The gamble on electric cars has turned into a catastrophe and it will be many years before the industry recovers.
With less than four years remaining until the original target date for banning the sale of all new petrol and diesel cars, the giants of the industry were meant to be riding a boom in sales of battery-powered vehicles by now.
Sleek new models would be rolling off the production lines, new battery plants would be creating hundreds of thousands of jobs, while the billions poured into investment would be the catalyst for reindustrialising both Europe and the United States.
“We’re going to need 70,000 skilled people just to make batteries across this country,” announced Boris Johnson, the former prime minister, back in 2021. He promised unlimited government support for British EV production.
Over in France, Emmanuel Macron, the French president, was pouring billions into making his country a force in battery and EV production.
So we are starting to see the results of all that investment, right? Sales are booming, profits are rising and new jobs are being created? Well, not exactly.
The article goes on to mention EV-related losses and potential losses incurred by Stellantis, General Motors, Ford, Porsche and even Tesla.
Antonio Filosa, the chief executive of Stellantis, conceded that the company had overestimated “the pace of the energy transition that distanced us from many car buyers’ real-world needs, means and desires”.
It is a painful admission but one that is at least honest. One point is surely clear. We are not hearing very much about how the transition to EVs would lead to an industrial renaissance any more.
There have been two major problems. First, EVs may only be a niche product.

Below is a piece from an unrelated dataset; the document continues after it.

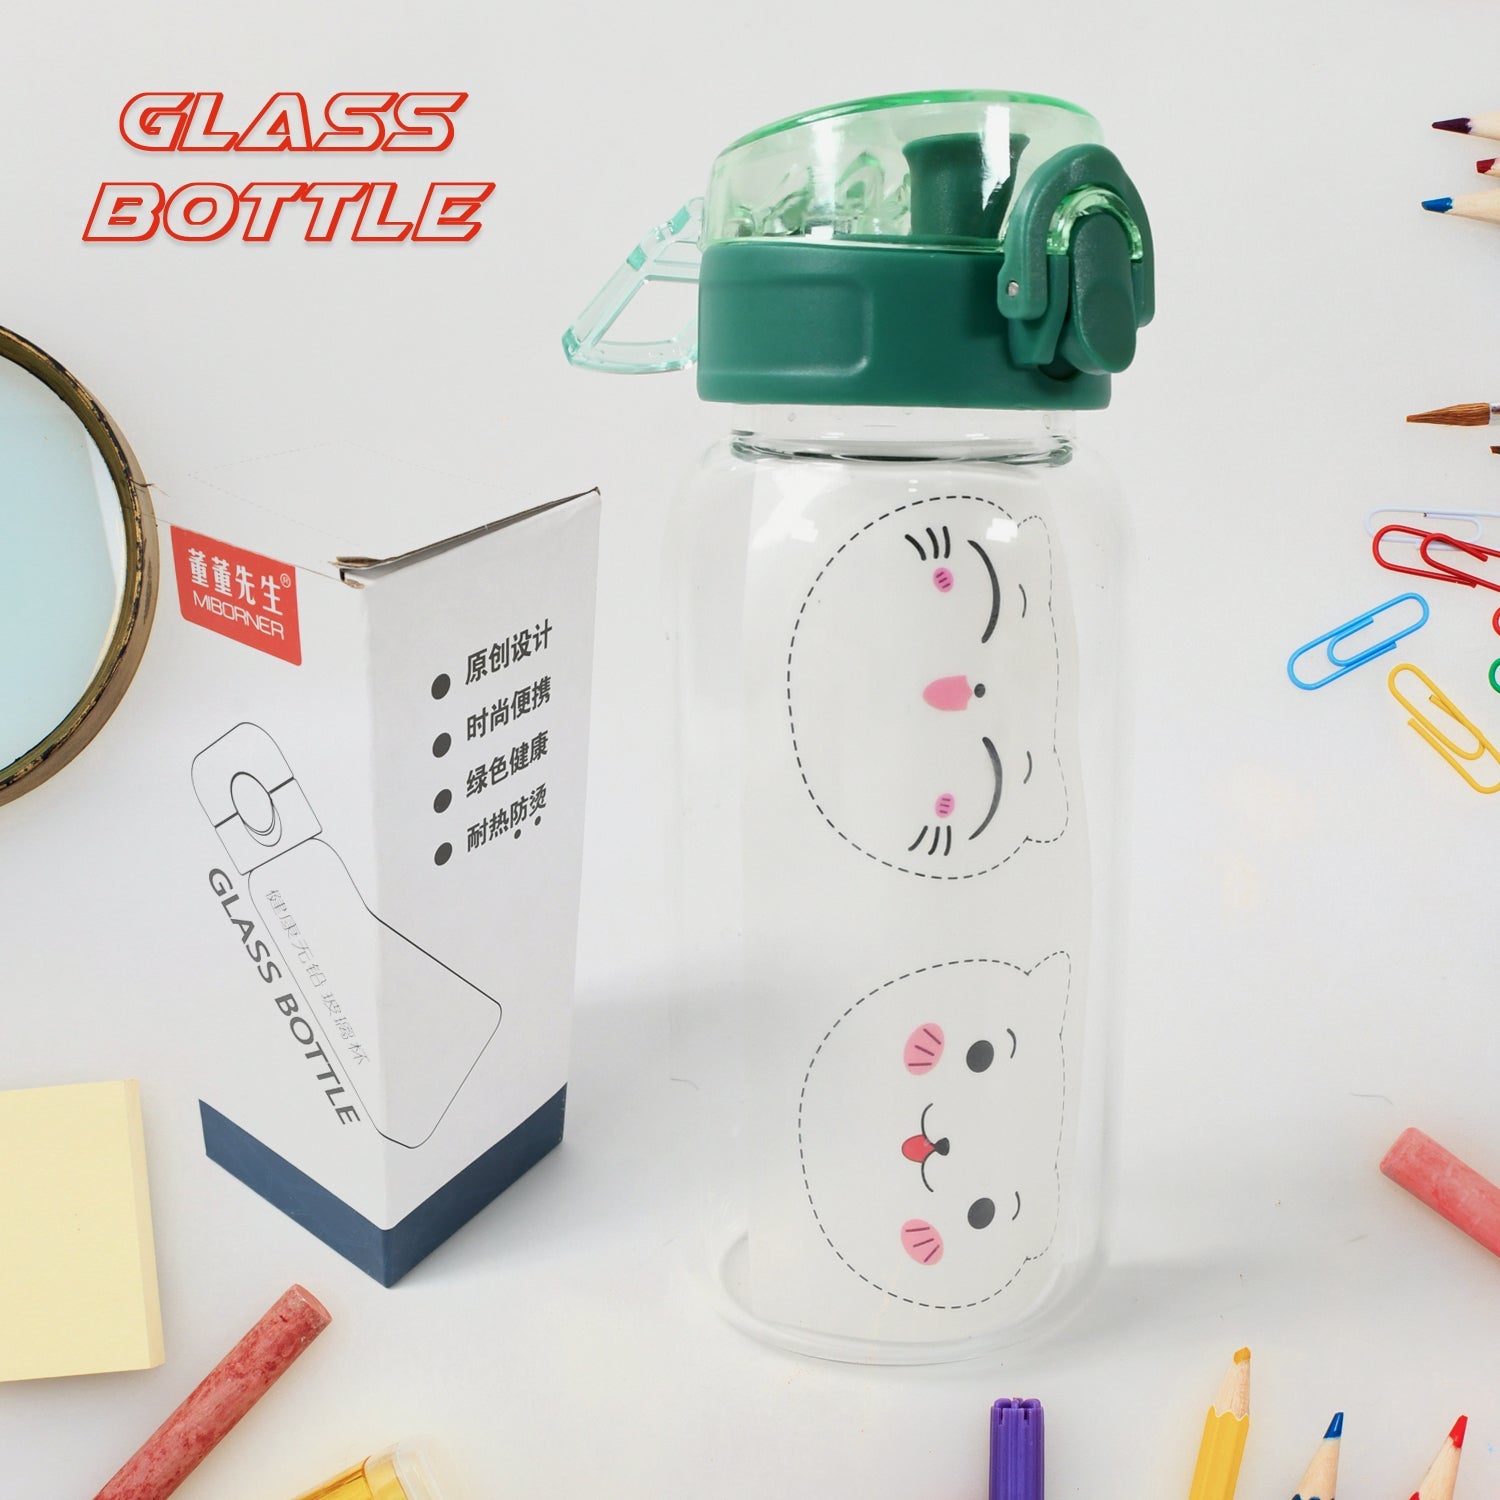 12713 Anti-Leak Glass Water Bottle, Crystal Glass Water Bottle For Kids, Stylish Water Bottle with Sipper

Drivers are worried about the range, it is far from clear they are better for the environment once the impact of all the raw materials in the manufacturing process is taken into account, the charging infrastructure is not in place and we don’t generate the electricity to power them all at a price cheap enough to make EVs cost-effective.
Next, where there is a market, the new breed of Chinese brands led by BYD is walking away with it.
But fear not, our forward-thinking and tech-savvy government is on the case. Er…
Even worse, under the direction of Ed Miliband, the fanatical Energy Secretary, Britain is pressing on blindly with the 2030 target for phasing out sales of new petrol cars even as the rest of the world recognises that it is complete madness.
In January, the government’s Gambling Commission introduced yet another set of restrictions on gambling advertisements to stop people being enticed into making wagers they cannot afford. In most cases, I’m all for people – and industries – taking responsibility for their own choices, including the choice to gamble. But given that the government’s view is that gambling promotions that are too tempting should be banned, maybe it should refer itself to its own commission. In fact, the pressure placed on auto makers to switch to electric by both this and previous governments went well beyond high-pressure advertising and into coercion.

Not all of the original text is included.